A video of the 1971 reunion, edited from the documentary, was first posted on a fan web site in 2002. From there it was picked up by a MySpace user and then picked up from MySpace and posted on YouTube where it became a viral video and worldwide sensation, more than 30 years after the event. As of July 2009, several versions of the video have been viewed millions of times on YouTube, one garnering over 18 million views. Various news sources have since tracked down Rendall and Bourke for their current perspective on the events surrounding their life with Christian.

In September 2008, Sony Pictures announced that it was interested in obtaining the rights to the story of Christian's life for the purpose of making a feature film.

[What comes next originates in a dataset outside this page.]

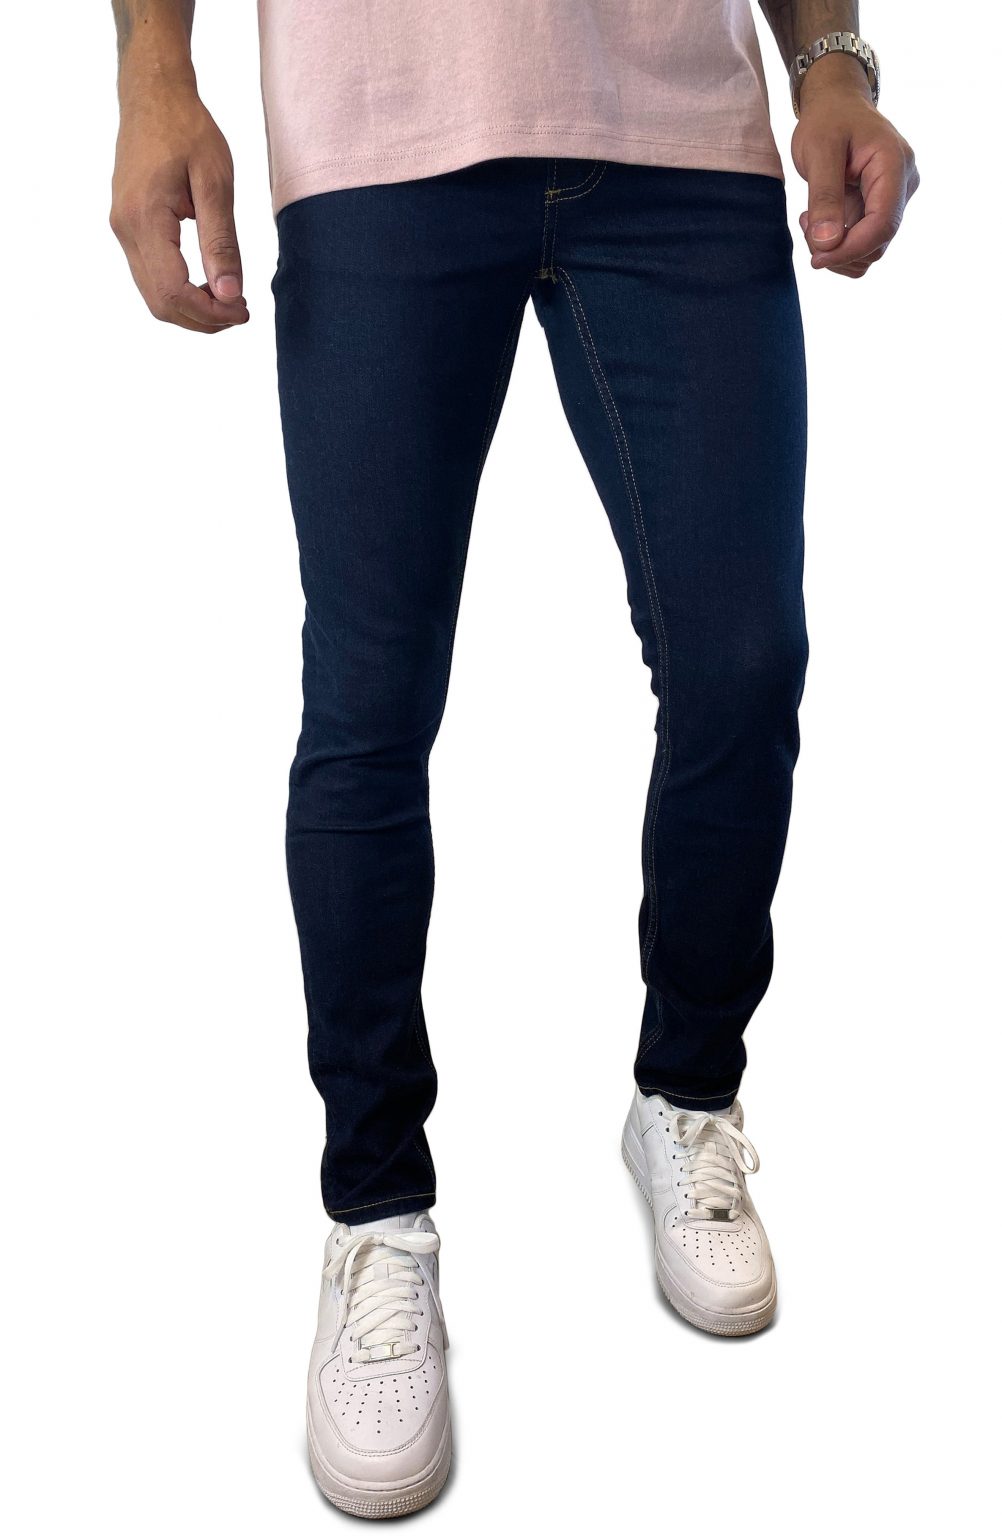 Men’s Topman Raw Denim Stretch Skinny Jeans, Size 28 x 32 - Blue | The ...

Following the spread of Christian’s story on YouTube, Rendall and Bourke revised and republished their book in 2009 in which they also added their account of their return visits to Kenya in 1971 and 1972. In addition, the two original documentaries were combined into a single DVD entitled Christian - the Lion at World's End which was released by the Born Free Foundation. A video foreword by Virginia McKenna was also added. Blink Films also produced a 45 minute documentary called A Lion Called Christian which was shown on Animal Planet and also included on the DVD.

A children's book about Christian was published in 2010. Christian, the Hugging Lion was written by Justin Richardson and Peter Parnell, and illustrated by Amy June Bates. The book was nominated as a finalist for the 23rd Lambda Literary Awards in the Children's/Young Adult Fiction category.

Christian also appeared on the Animal Planet show Untamed & Uncut.

The official portrait of Christian the Lion, Uhuru, was drawn by hyperreal artist Emma Towers-Evans in 2021 in support of conservation charities.